### AVAILABLE DATA
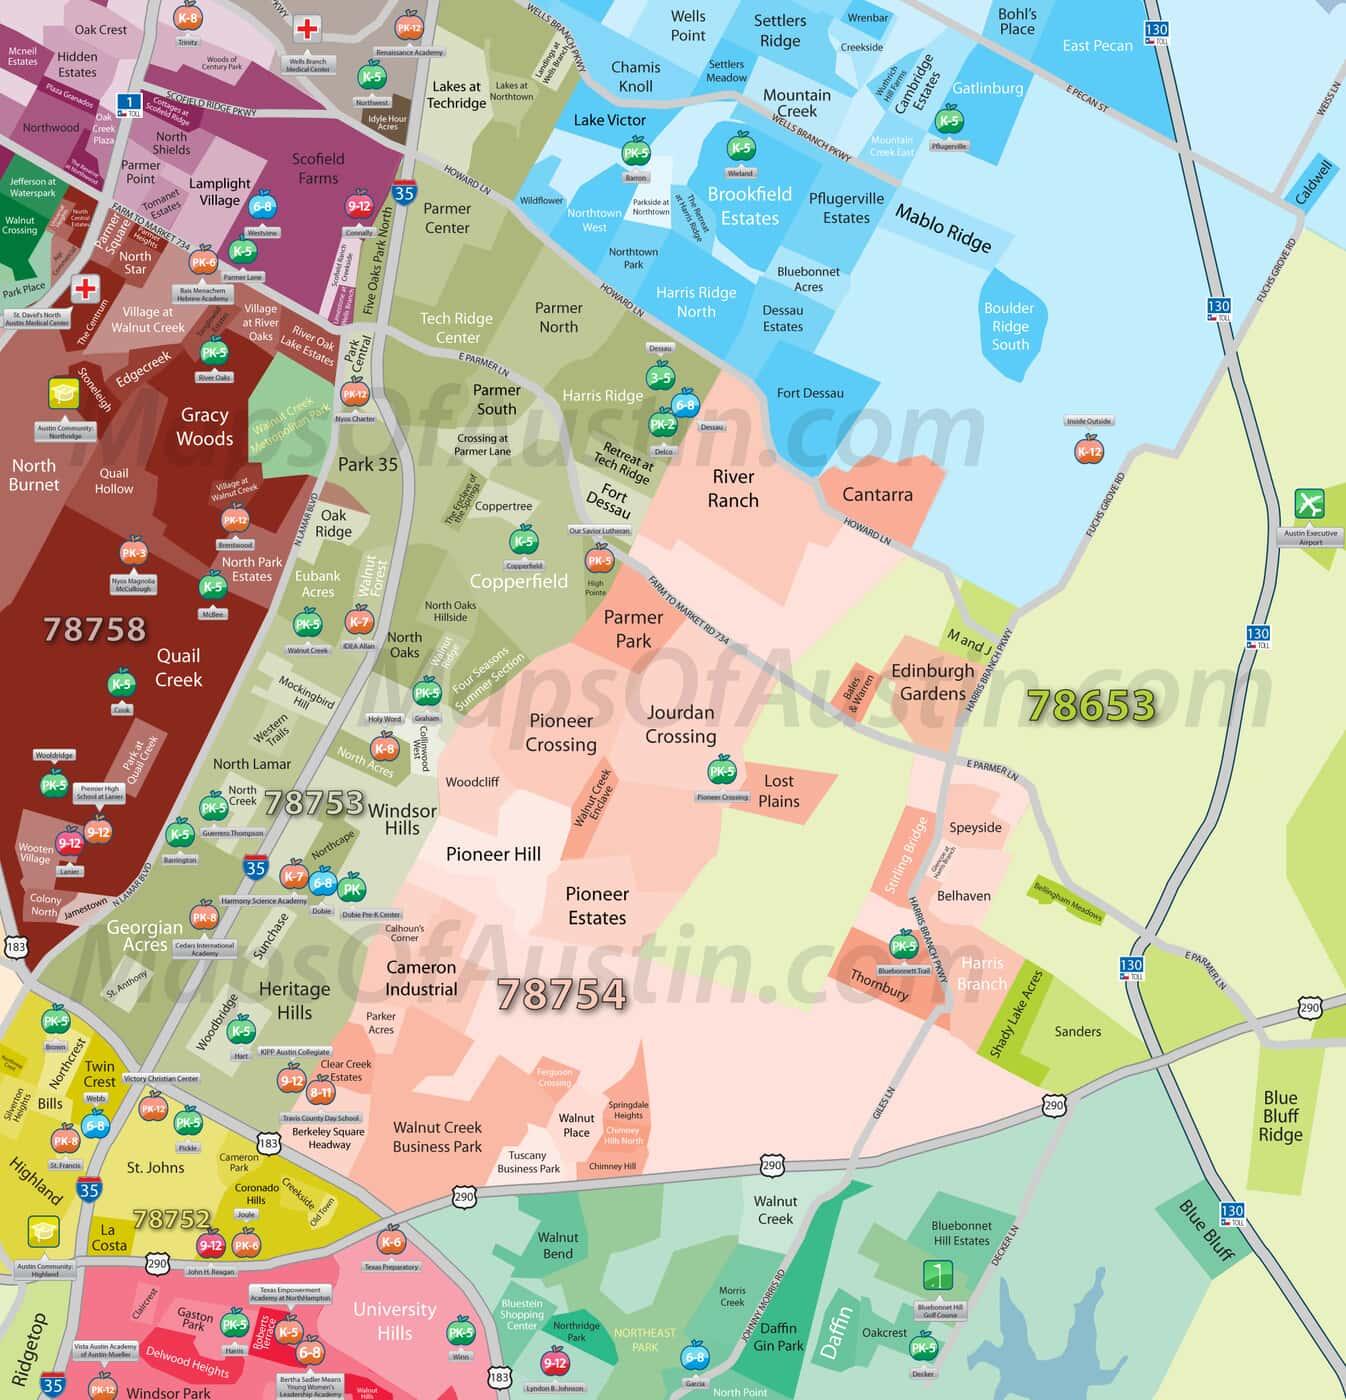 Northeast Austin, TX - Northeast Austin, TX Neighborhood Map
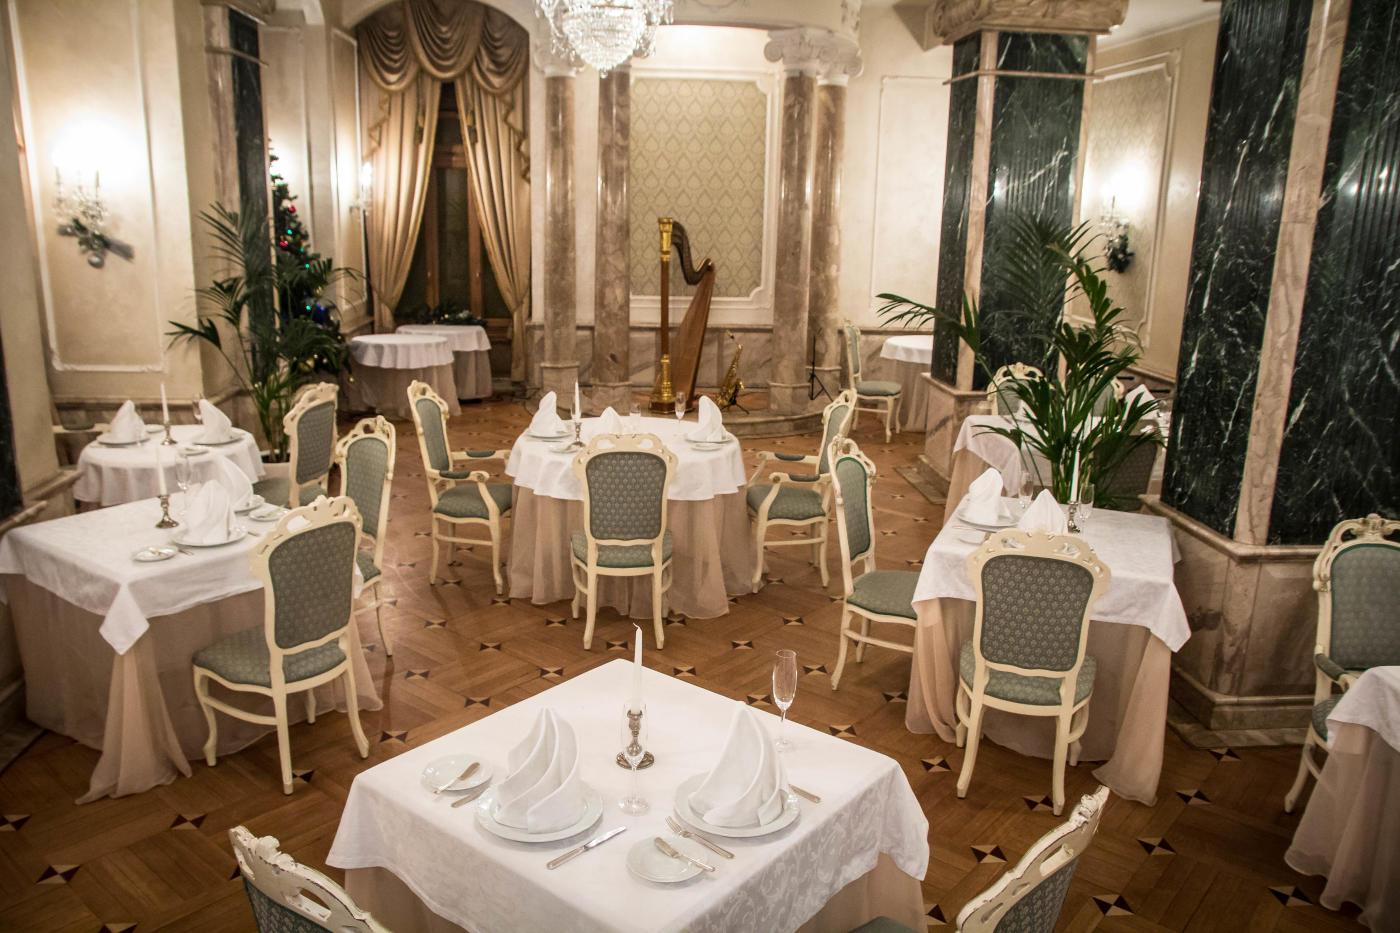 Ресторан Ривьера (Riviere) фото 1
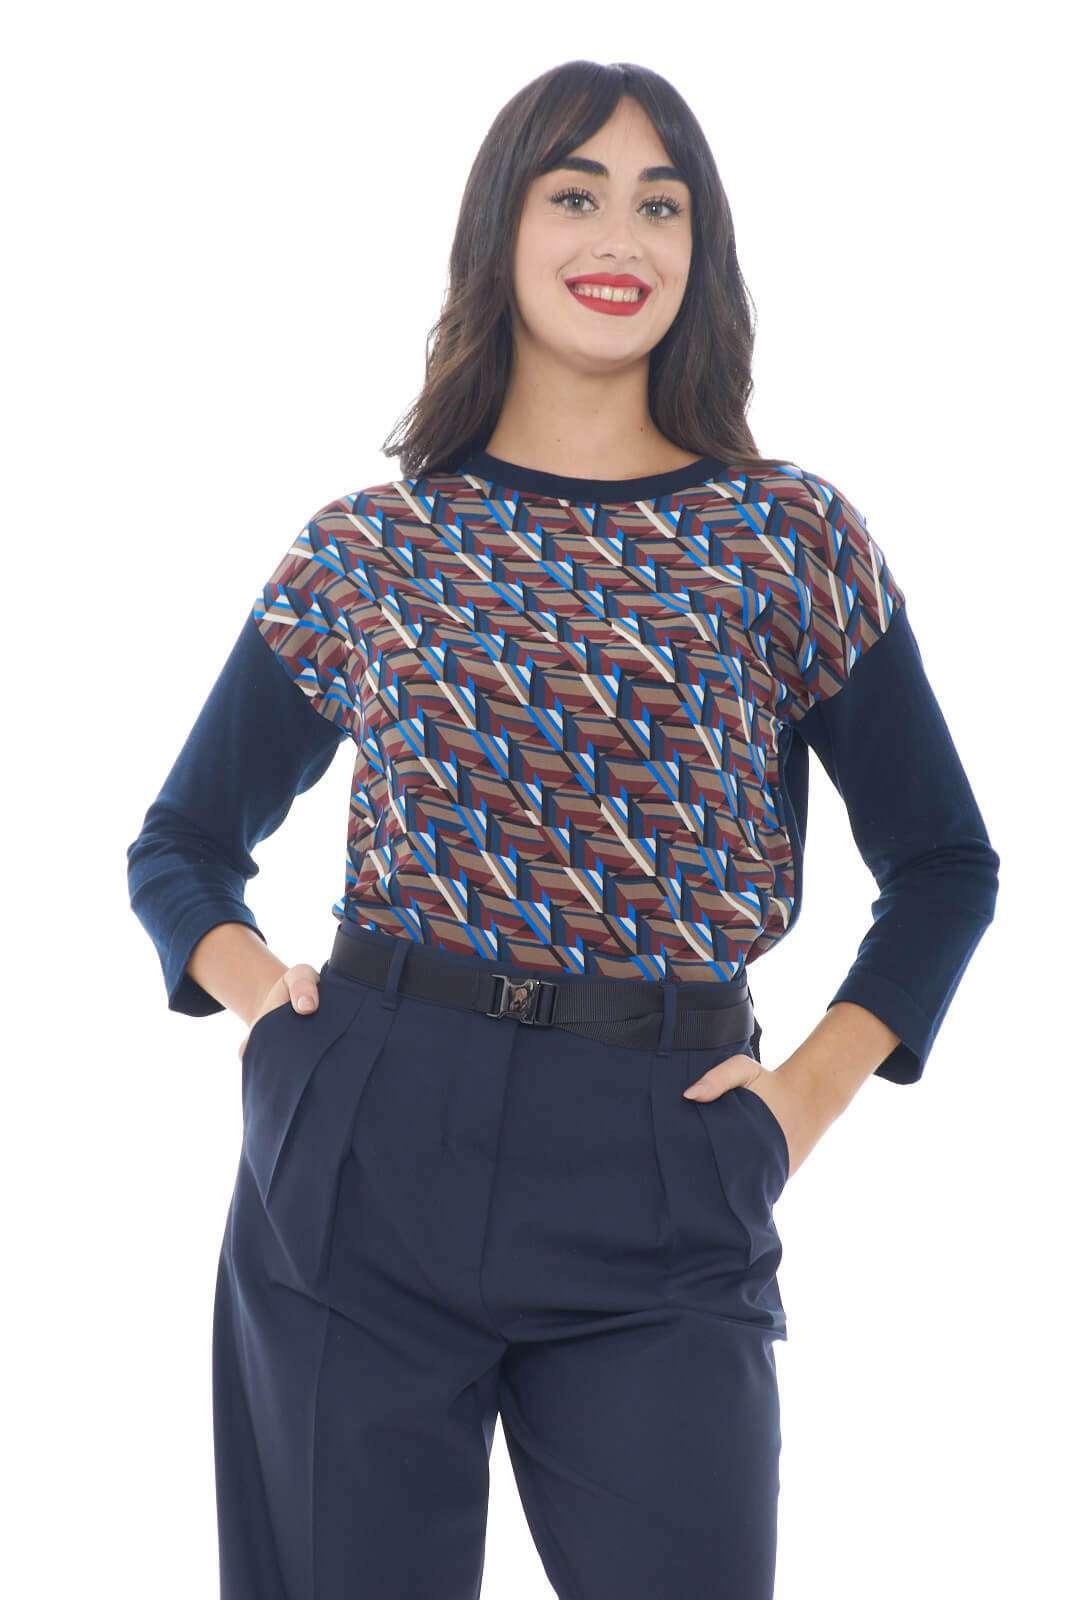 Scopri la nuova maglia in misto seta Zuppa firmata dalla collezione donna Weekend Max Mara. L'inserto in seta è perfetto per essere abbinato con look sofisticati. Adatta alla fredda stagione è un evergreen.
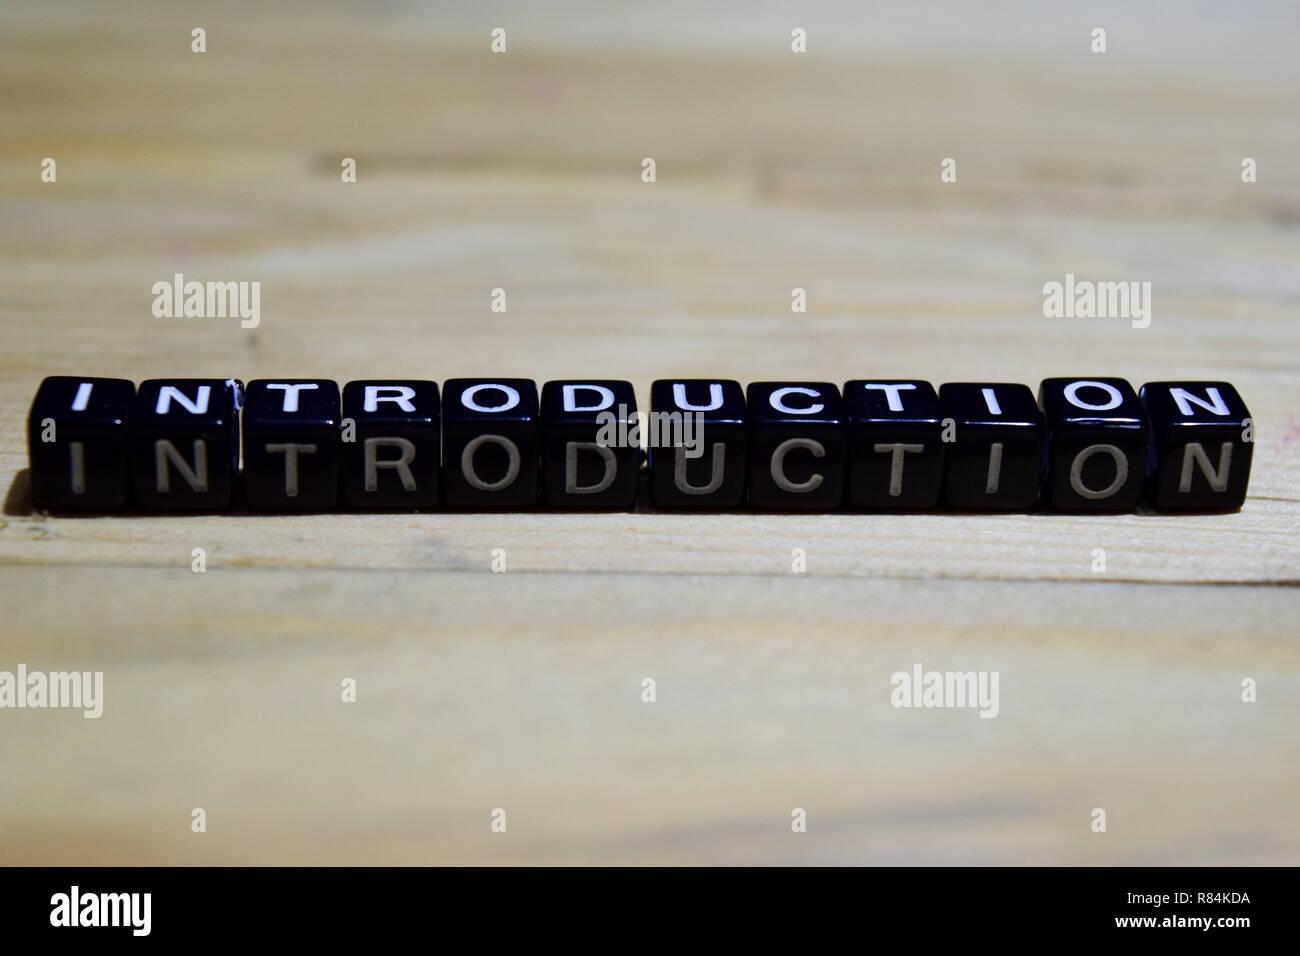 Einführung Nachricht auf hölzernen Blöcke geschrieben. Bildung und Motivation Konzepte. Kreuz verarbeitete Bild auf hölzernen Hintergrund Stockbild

### ACTIVITY
Reproduce the material exactly. Pictures stay out.

### OUTPUT FOR THIS EXERCISE
 Northeast Austin, TX - Northeast Austin, TX Neighborhood Map
 Ресторан Ривьера (Riviere) фото 1
 Scopri la nuova maglia in misto seta Zuppa firmata dalla collezione donna Weekend Max Mara. L'inserto in seta è perfetto per essere abbinato con look sofisticati. Adatta alla fredda stagione è un evergreen.
 Einführung Nachricht auf hölzernen Blöcke geschrieben. Bildung und Motivation Konzepte. Kreuz verarbeitete Bild auf hölzernen Hintergrund Stockbild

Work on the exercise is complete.